Шрифт:
Интервал:
Закладка:
Наконец, уже «поэтом-орденоносцем», не столько родственника, начинающего литератора М. Г. Плескачевского наставляет, сколько формулирует собственную «линию поведения», если не всей будущей жизни:
«…Нужно выработать в себе прямо-таки отвращение к „легкости“, „занятности“, ко всему тому, что упрощает и „закругляет“ сложнейшие явления жизни… будь смелей, исходи не из соображения о том, что будто бы требуется (как то было в „Сельской хронике“. — А. Т-в), а из своего самовнутреннего убеждения, что это, о чем пишешь, так, а не иначе, что ты это твердо знаешь, что ты так хочешь…»
Без малого двадцать лет отделяет эти слова от уже известного читателю программного «Вся суть в одном единственном завете…», но как перекликаются слова давнего письма с финалом этого стихотворения:
Вглядимся напоследок в один прекрасный портрет Твардовского этой поры:
«Он был очень хорош собой, белокурый, с ясными голубыми глазами. Он был знаменитым поэтом, и слава его была не схваченная на лету, а заслуженная, обещающая (запомним это слово! — А. Т-в).
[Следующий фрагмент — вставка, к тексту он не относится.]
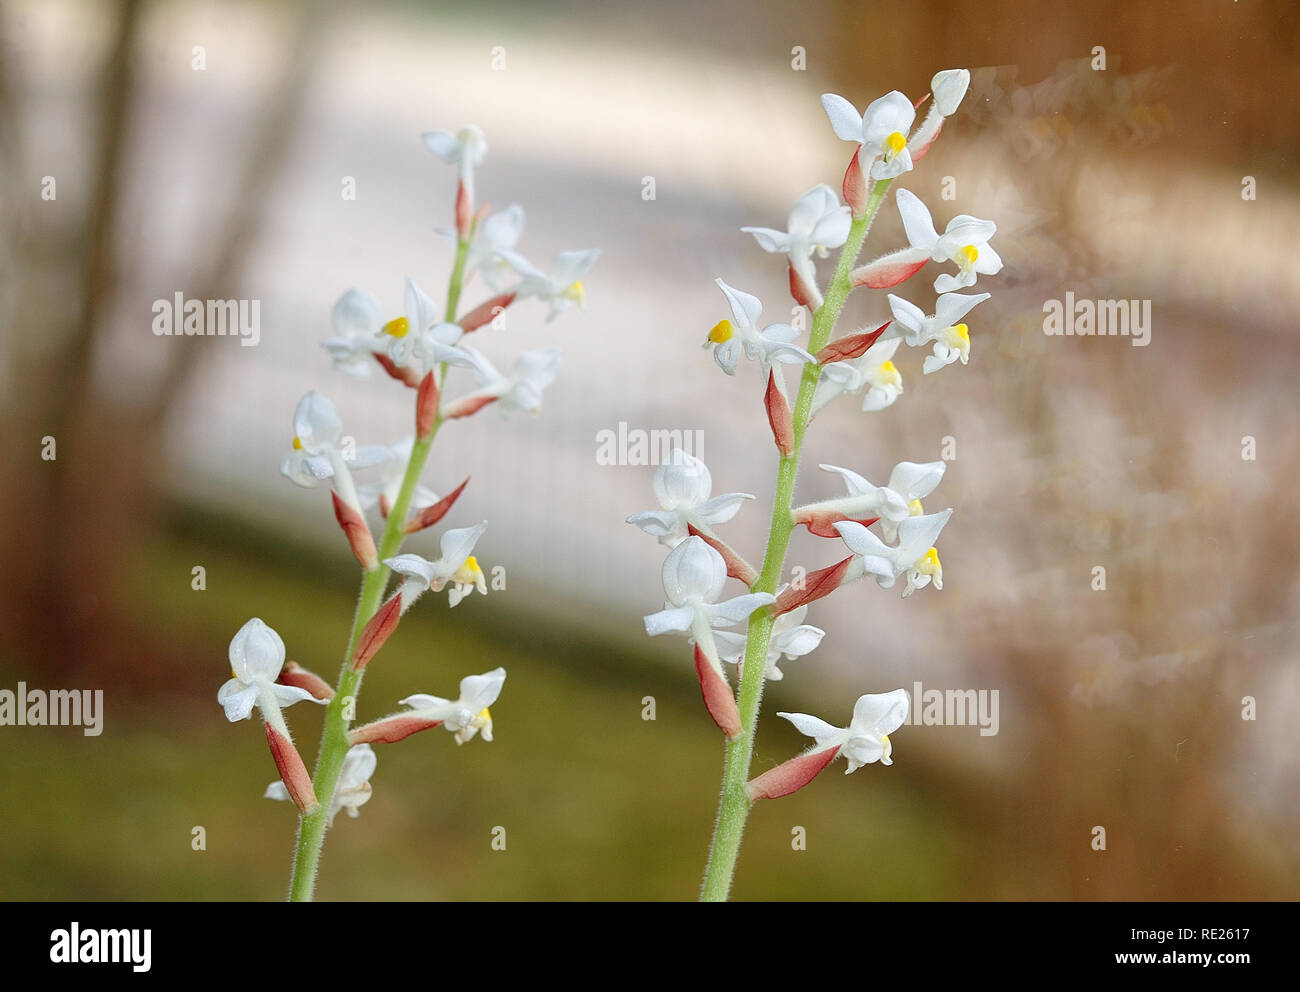 Blütenstände ein Juwel Orchidee mit kleinen weißen Blüten an einem Fenster Stockfoto

Он держался несколько в стороне, точнее сказать, между ним и собеседником сразу же устанавливалось подчас незначительное, а подчас беспредельное расстояние. Возможно, что это связано с прямодушием Твардовского: из гордости он не желал скрывать свои мнения (не о том ли писал и Лев Озеров? — А. Т-в).
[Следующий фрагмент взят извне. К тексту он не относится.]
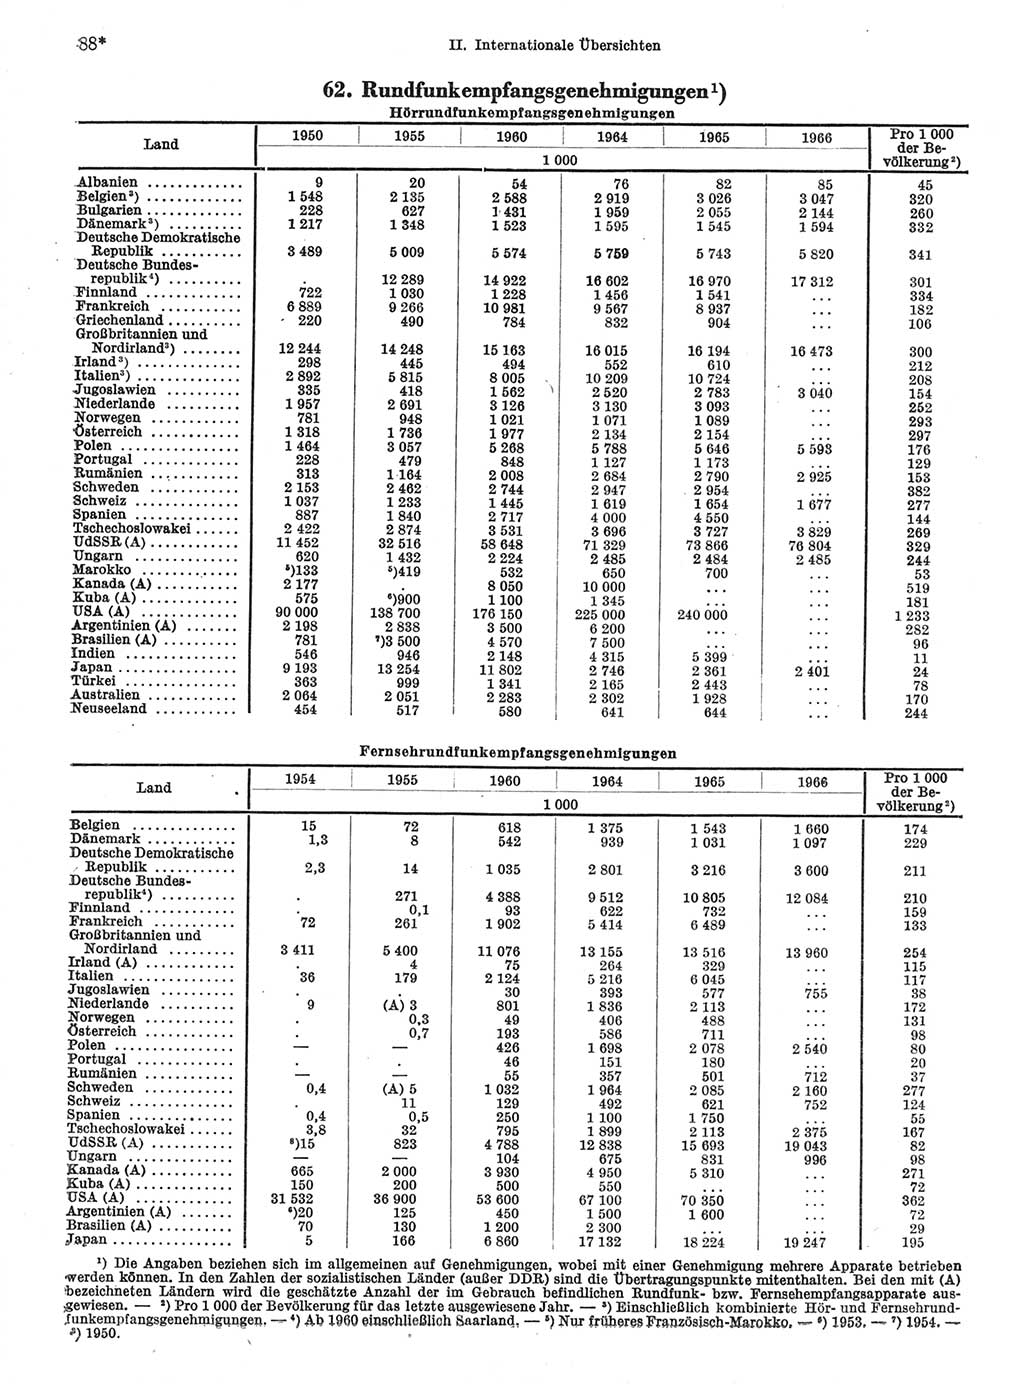 Statistisches Jahrbuch der Deutschen Demokratischen Republik (DDR) 1968, Seite 88 (Stat. Jb. DDR 1968, S. 88)

…Для него — это сразу чувствовалось — литература была священным делом жизни — вот почему тех, для кого она была всего лишь способом существования, точно ветром от него относило.
Я бы солгал, уверяя, что уже задумался над хранившейся в душевной глубине силой Твардовского, может быть невнятной еще для него.
…Я только смутно заподозрил, что за резкостью его литературных мнений таится застенчивость, а за мрачноватостью и немногословностью — мягкость и любовь к людям».
Правда, это Твардовский уже весной сорок первого года, после первой тяжелейшей «непредвиденности» (помните сказанное в письме Беку?) — войны с Финляндией (впрочем, вообще-то войны давно ждали, но не этой и уж вовсе не такой, какой она оказалась!).
Но уже в нее он вступал таким, каким здесь увиден старшим коллегой Вениамином Кавериным, еще очень далеким тогда от Твардовского, но на редкость чутким человеком.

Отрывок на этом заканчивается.